DESIGN AND USABILITY
PLEASURE AND PRODUCT SEMANTICS Patrick W.Jordan Senior Human Factors Specialist, Philips Design, Building W, Damsterdiep 267, P.O. Box 225, 9700 AE Groningen, The Netherlands
Alastair S.Macdonald Course Leader, Product Design Engineering, Glasgow School of Art, 167 Renfrew Street, Glasgow G3 6RQ, Scotland
Human factors has tended to focus on pain. As a profession, it has been very successful in contributing to the creation of products that are safe and usable and which, thus, spare the user physical, cognitive and emotional discomfort. However, little attention seems to have been paid to the positive emotional and hedonic benefits—pleasures—that products can bring to their users. This paper examines the relationship between product semantics and pleasure in use, within the structure of the ‘Four Pleasure Framework’. Studies such as this represent human factors’ first steps towards establishing links between product properties and the types of emotional, hedonic and practical benefits that products can bring to their users.
Introduction “I can sympathise with other people’s pains, but not with their pleasures. There is something curiously boring about someone else’s happiness.” This quote comes from Aldous Huxley’s 1920 Novel, ‘Limbo’ however, it could almost be a motto for ergonomics. Ergonomics journals, conference proceedings, and textbooks seethe with studies of pain: back pain, upper limb pain, neck pain, pain from using keyboards, pain from using industrial machinery, pain from hot surfaces—these are just a few examples from studies that have been presented at recent Ergonomics Society Conferences. As a discipline, ergonomics has been focused on eliminating pain, whether it be in the form of physical pain, as in the examples above, or the cognitive/emotional discomfort that can come from interacting with products that are difficult to use. Meanwhile, the idea that products could actually bring positive benefits—pleasures—to users, seems to have been largely ignored. So, whilst ergonomics has had a great deal to offer in terms of assuring product usability and safety, it seems to have had very little to contribute in terms of creating products that are positively pleasurable. The case for ergonomists to take the lead in addressing the issue of pleasure with products has been made elsewhere (Jordan 1997a) and a framework for approaching the issue—the four pleasures—has been proposed (Jordan 1997b). In this paper, this framework will be summarised and illustrated with examples that show the relationship between pleasure and product semantics.
Pleasure and product semantics
265
Pleasure with Products Pleasure with products is defined as: “…the emotional, hedonic and practical benefits associated with products.” (Jordan 1997a)

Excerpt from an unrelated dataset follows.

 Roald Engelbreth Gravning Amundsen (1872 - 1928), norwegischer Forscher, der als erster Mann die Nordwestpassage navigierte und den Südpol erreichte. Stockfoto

The Four Pleasures The four pleasure framework was originally espoused by Canadian anthropologist Lionel Tiger (Tiger 1992) and subsequently adapted for use in design (Jordan 1997b). The framework models four conceptually distinct types of pleasure—physio, socio, psycho and ideo. Summary descriptions of each are given below with examples to demonstrate how each of these components might be relevant in the context of products.
Physio-Pleasure This is to do with the body—pleasures derived from the sensory organs. They include pleasures connected with touch, taste and smell as well as feelings of sexual and sensual pleasure. In the context of products physio-p would cover, for example, tactile and olfactory properties. Tactile pleasures concern holding and touching a product during interaction. This might be relevant to, for example, the feel of a TV remote control in the hand, or the feel of an electric shaver against the skin. Olfactory pleasures concern the smell of the new product. For example, the smell inside a new car may be a factor that effects how pleasurable it is for the owner.

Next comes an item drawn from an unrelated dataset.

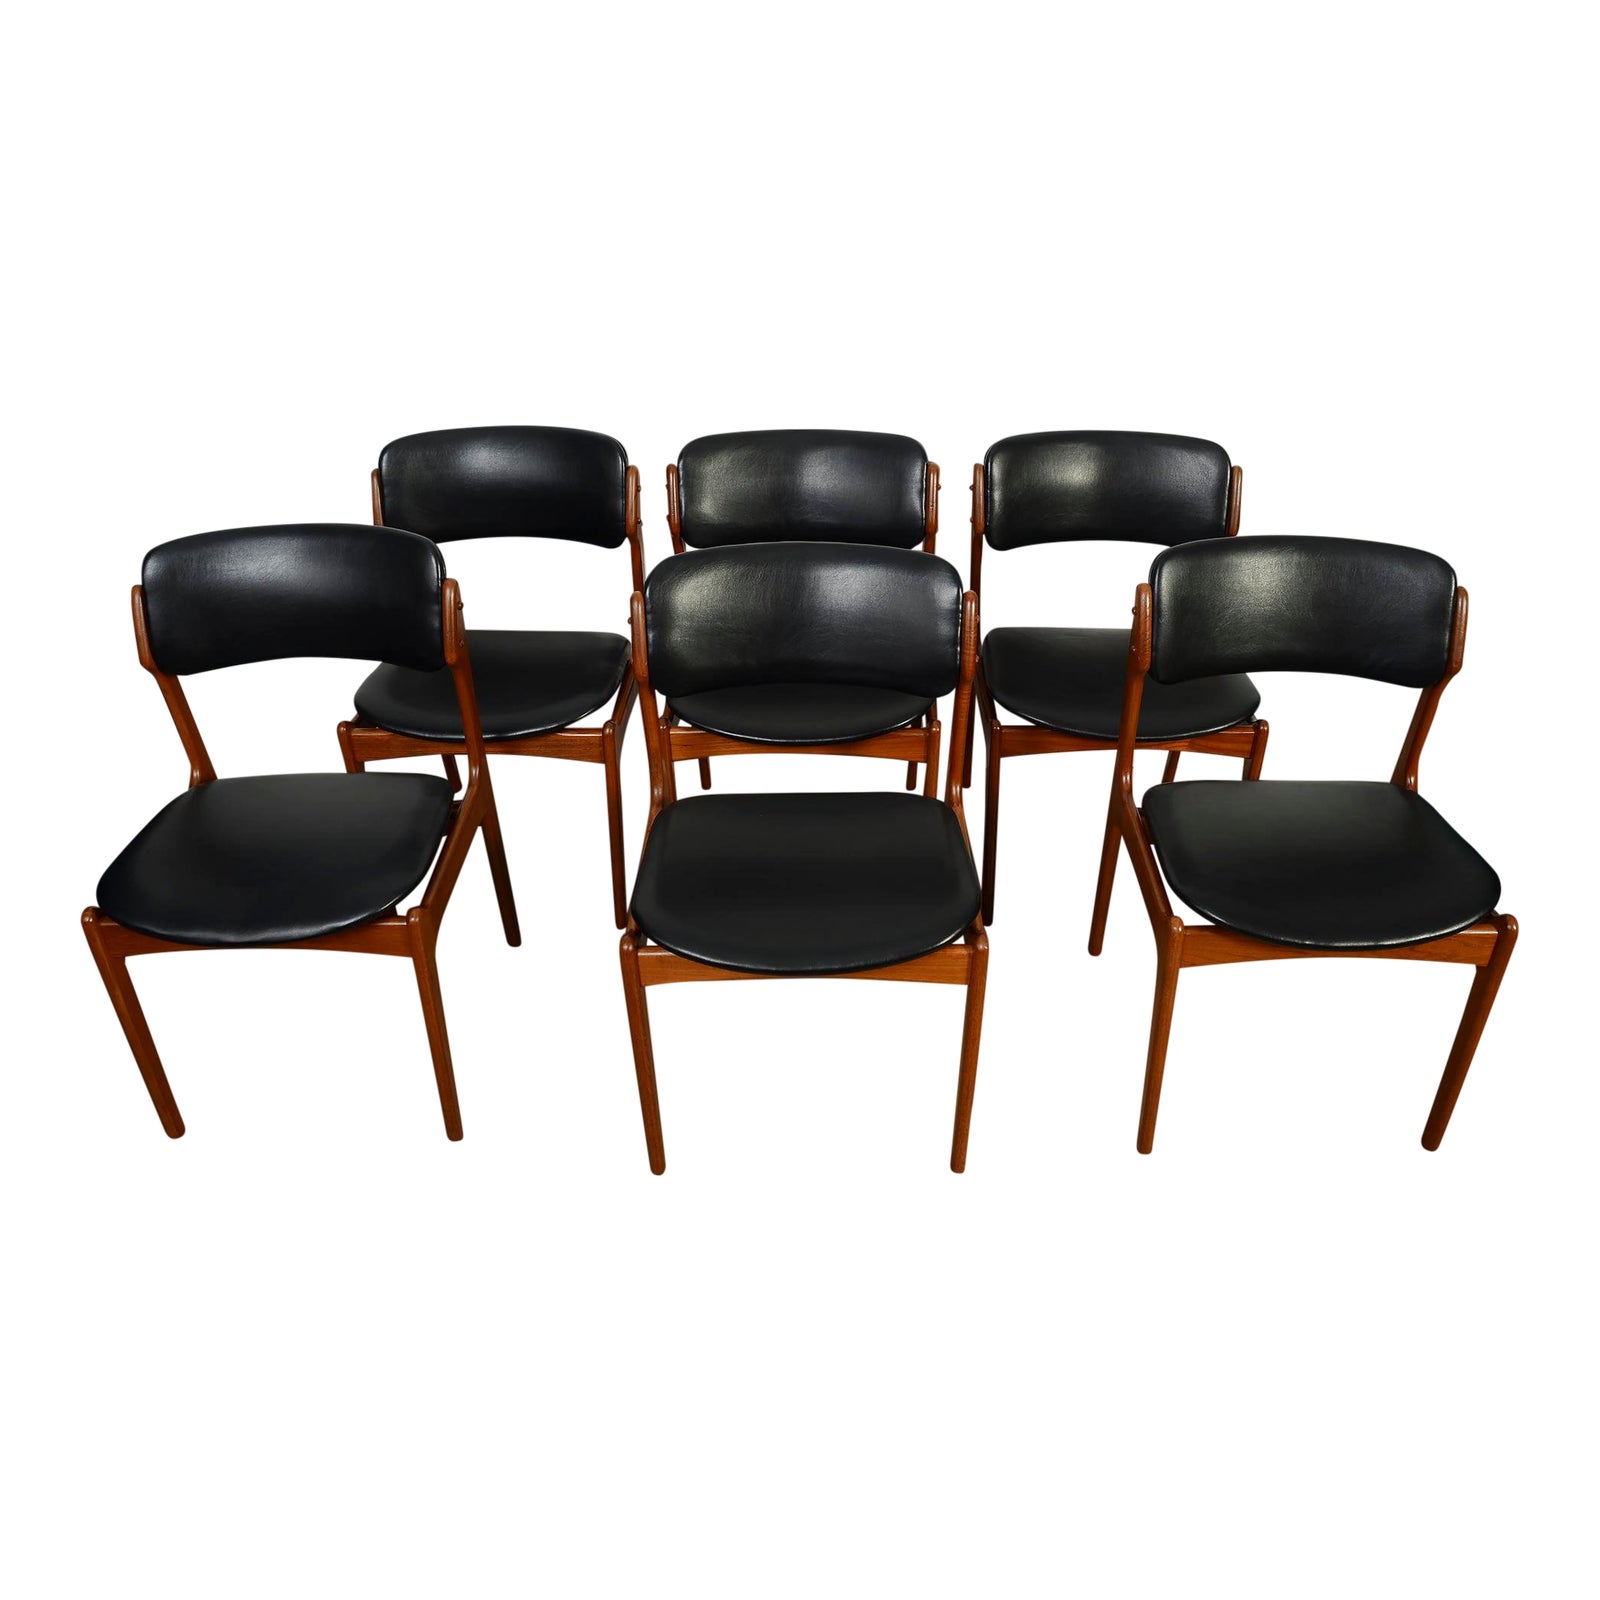 1960s vintage erik buch danish modern od mobler model 49 black leather teak dining chairs set of 6 7615

Socio-Pleasure This is the enjoyment derived from the company of others. For example, having a conversation or being part of a crowd at a public event. Products can facilitate social interaction in a number of ways. For example, a coffee maker provides a service which can act as a focal point for a little social gathering—a ‘coffee morning’. Part of the pleasure of hosting a coffee morning may come from the efficient provision of well brewed coffee to the guests. Other products may facilitate social interaction by being talking points in themselves. For example a special piece of jewellery may attract comment, as may an interesting household product, such as an unusually styled TV set. Association with other types of products may indicate belonging in a social group—Porsches for ‘Yuppies’, Dr. Marten’s boots for skinheads. Here, the person’s relationship with the product forms part of their social identity.
Psycho-Pleasure Tiger defines this type of pleasure as that which is gained from accomplishing a task. It is the type of pleasure that traditional usability approaches are perhaps best suited to addressing. In the context of products, psycho-p relates to the extent to which a product can help in accomplishing a task and make the accomplishment of that task a satisfying and pleasurable experience. For example, it might be expected that a word processor which facilitated quick and easy accomplishment of, say, formatting tasks would provide a higher level of psychopleasure than one with which the user was likely to make many errors.
Ideo-Pleasure Ideo-pleasure refers to the pleasures derived from ‘theoretical’ entities such as books, music and art. In the context of products it would relate to, for example, the aesthetics of a product and the values that a product embodies. For example, a product made from bio-degradable materials might be seen as embodying the value of environmental responsibility. This, then, would be a potential source of ideo-pleasure to those who are particularly concerned about environmental issues. Ideo-pleasure would also cover the idea of products as art forms. For example, the video
266
PW Jordan and AS Macdonald
cassette player that someone has in the home, is not only a functional item, but something that the owner and others will see every time that they enter the room. The level of pleasure given by the VCR may, then, be highly dependent on how it affects its environment aesthetically.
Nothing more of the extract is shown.